Ось каламбура ЖЕЛЕЗО/ЖЕЛЕЗА обнаруживает родство сталинской власти и миндалевидной, с детской припухлой железкой, речью поэта. Миндалевидная железа - постоянный самообраз Мандельштама. Он остро ощущает, что "щитовидная железа" поэзии больна теми же болезнями, что и "родовое железо" власти, захлебывающееся в крови и отчаяньи. Поэт одноимен властителю - Иосиф! Поэтический орган внутренней секреции таит в себе не только болезнь, но и излечение. Поэзия - болезнь, пусть и высокая, но она же и лекарство. Она разом - и боль, и врач. На языке сталинской оды: "Художник, помоги тому, кто весь с тобой…". Из стихотворения "Железо" (1935):
Железная правда - живой на зависть,
Железен пестик, и железна завязь.
И железой поэзия в железе,
Слезящаяся в родовом разрезе.(III, 96)
Первоначальный антагонизм железной правды и живой, но неправой плоти снимается образом железно-живого цветка. Удел истинной поэзии - быть железой в стальном теле власти. При таком выборе своего поэтического бытия в мире:
И пращуры нам больше не страшны:
Они у нас в крови растворены.(III, 91)
Вот почему предельное отчуждение от нового мира ("не чуя страны") даже под угрозой гибели в "Оде" равно осевой близости этому миру выполненной клятвы: "И задыхаешься, почуяв мира близость".
Уподобляя Гоголю, Жирмунский как-то назвал Мандельштама математическим фантастом. И верно.
АДМИРАЛТЕЙСКАЯ ИГЛА
I
Вернуться на родной фрегат!
Осип Мандельштам
О мандельштамовском стихотворении "Адмиралтейство" все прилежно воспроизводят ранний, 1922 года, вывод Н. П. Анциферова: "Вполне чистый образ города, свободный от всяких идей, настроений, фантазий передает один О. Мандельштам. В его чеканных строфах, посвященных Адмиралтейству, мы находим отклик на увлечение архитектурой <…> Спокойно торжество человеческого гения. Империалистический облик Петербурга выступает вновь, введенный без пафоса, но со спокойным приятием". М. Л. Гаспаров уточняет: "Здесь преодоление времени переходит в преодоление пространства: раскрываются три измерения, открывается пятая стихия, не космическая, а рукотворная: красота". Однако и "Петербургские строфы" и "Адмиралтейство" - стихи о попрании всяких человеческих правил, установлений природы и государственных законов. Пятая стихия - вовсе не красота, и чистой образностью здесь и не пахнет.

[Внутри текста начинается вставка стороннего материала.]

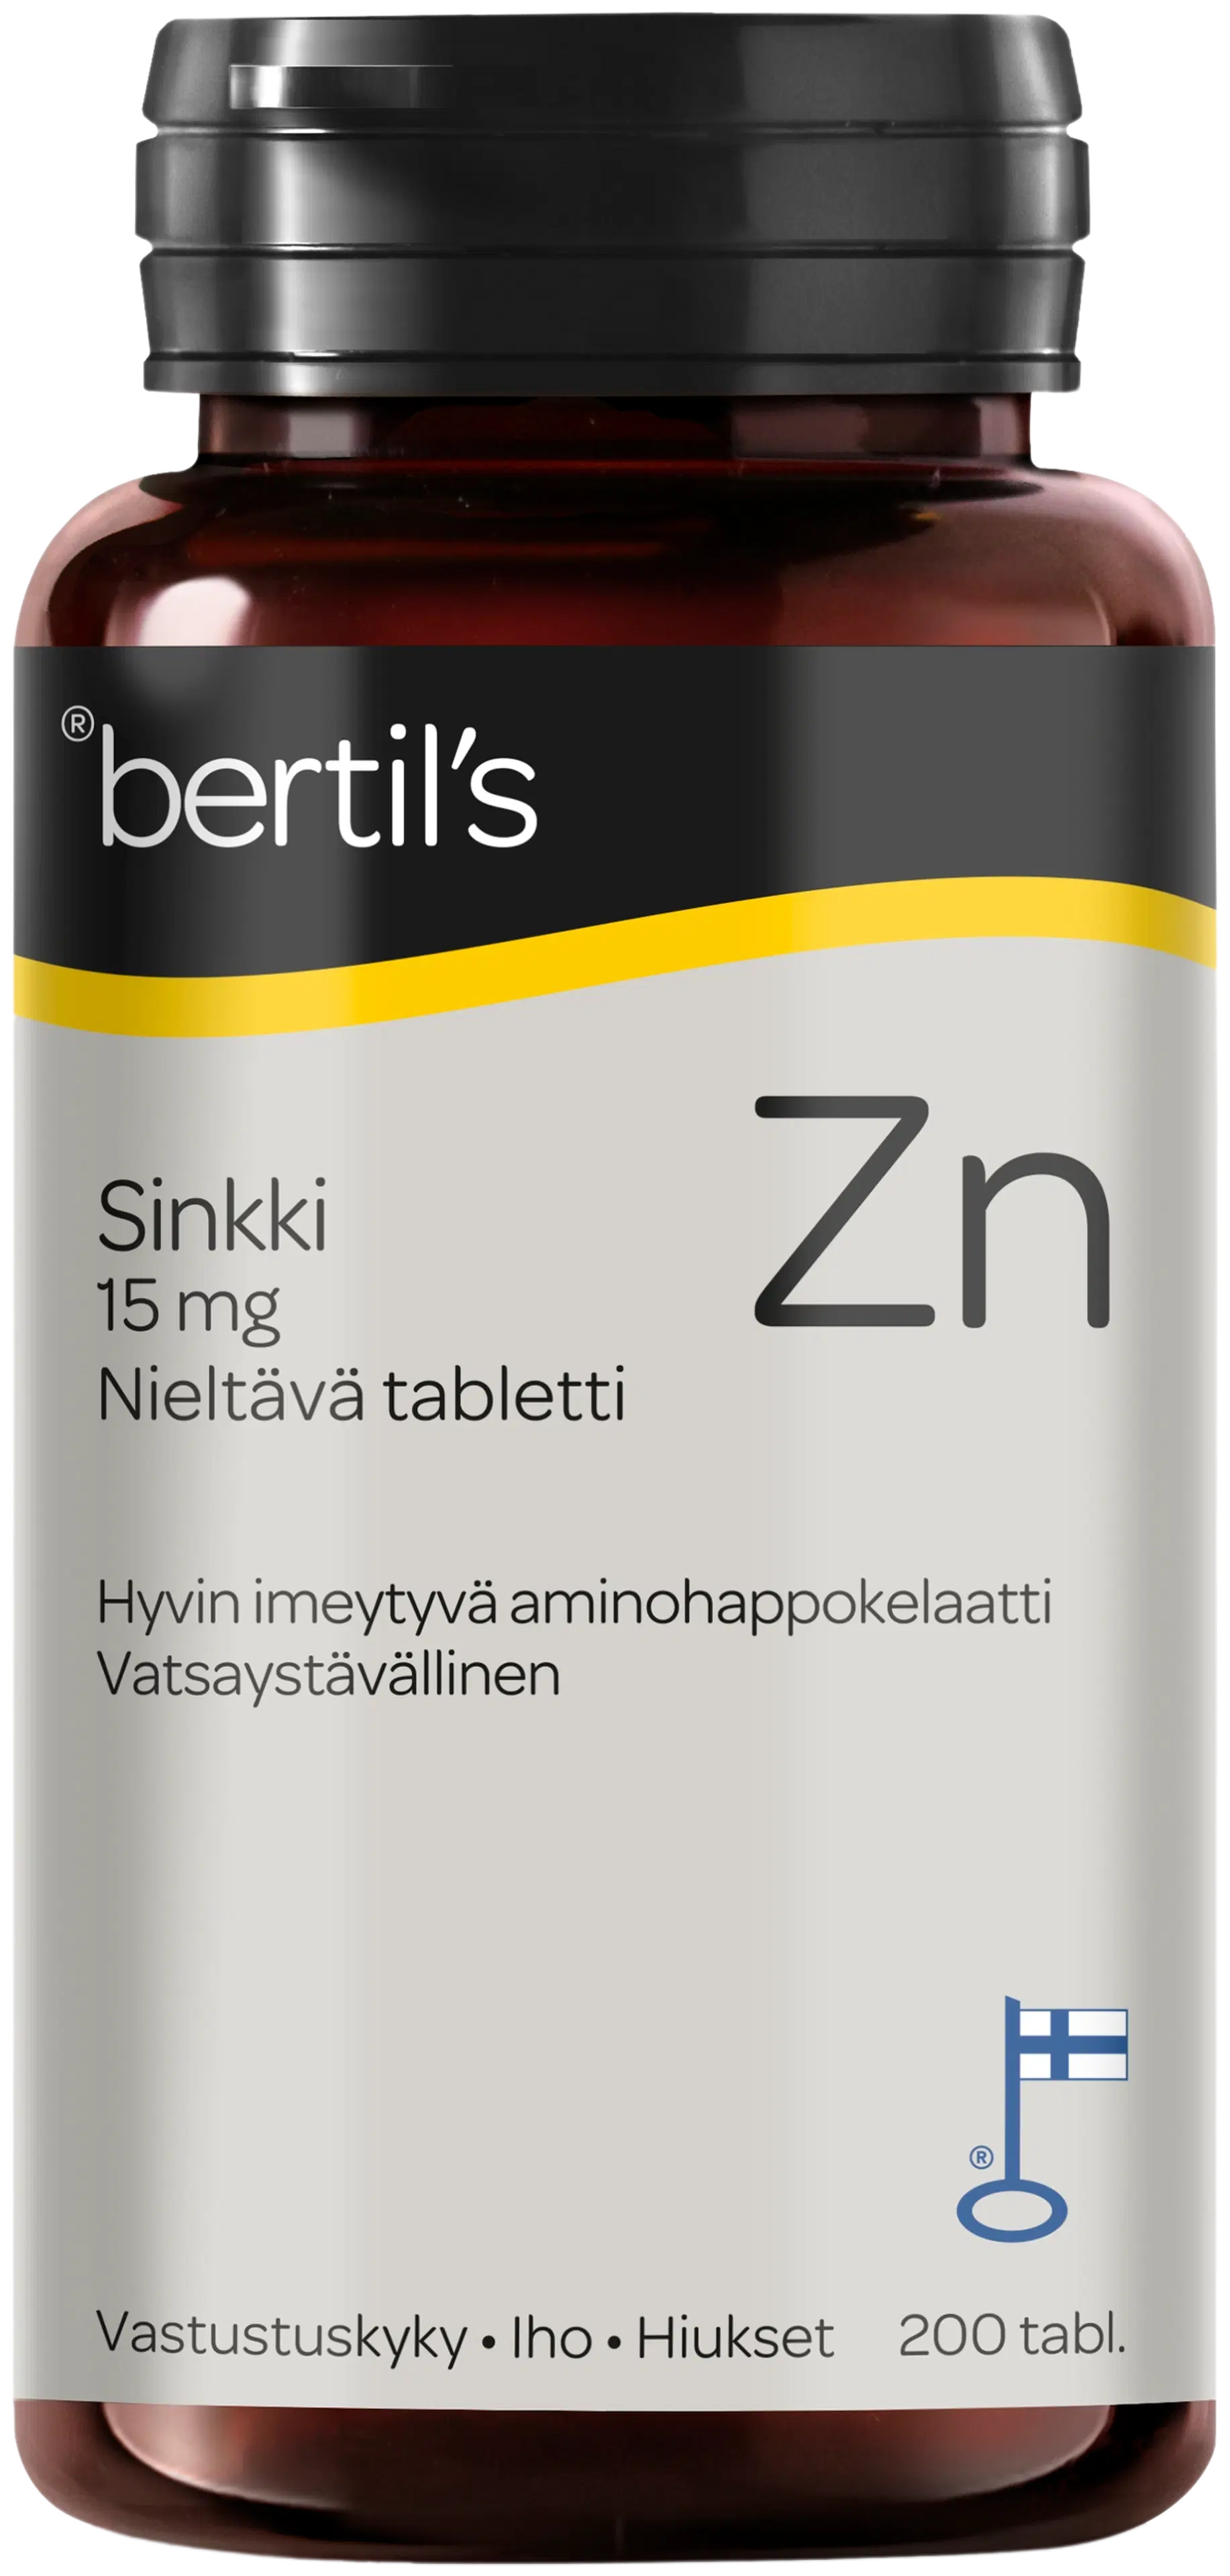 bertil's Sinkki 200 tabl.

"Адмиралтейство" было впервые опубликовано в журнале "Аполлон" (1914, № 10). Сохранилось два беловых автографа (архивы Мандельштама и Лозинского). При публикации была отброшена пятая строфа и внесены некоторые изменения. Приведем текст белового автографа:
В столице северной томится пыльный тополь,
Запутался в листве прозрачный циферблат,
И в темной зелени потерянный акрополь
Настроил мысль мою на величавый лад.
Ладья воздушная и мачта-недотрога,
Служа линейкою преемникам Петра,
Он учит: красота - не воля полубога,
А хищный глазомер простого столяра.
Сердито лепятся капризные Медузы,
Как плуги брошены, ржавеют якоря -
И вот разорваны трех измерений узы
И открываются всесветные моря!
Нам четырех стихий приязненно господство,
Но создал пятую свободный человек:
Не отрицает ли пространства превосходство
Сей целомудренно построенный ковчег?
Живая линия меняется, как лебедь.
Я с Музой зодчего беседую опять.
Взор омывается, стихает жизни трепет:
Мне все равно, когда и где существовать.Май 1913 (I, 83–84)
Последняя строфа была забракована постановлением общего собрания - на заседании "Цеха поэтов", предположительно из-за слишком явных символистских обертонов (брюсовский перевод "Лебедя" Малларме и "Венеция" Александра Блока). Мандельштам послушно остался без строфы. "Цех поэтов" состоял отнюдь не из профанов, и они должны были слышать, о каком лебеде идет речь (последним из Царскосельских лебедей называл Гумилев - Анненского). Но кто знает? Во всяком случае, если "лебедь" и был изъят, то цитата из брюсовского перевода осталась: "Пространство властное ты отрицаешь…". Но цитата инверсирована риторическим вопросом: "Не отрицает ли пространства превосходство..?". Сам Анненский описал Царское Село как идеальный ландшафт пушкинской мысли. Лебедь стал идеальной сигнатурой этого ландшафта.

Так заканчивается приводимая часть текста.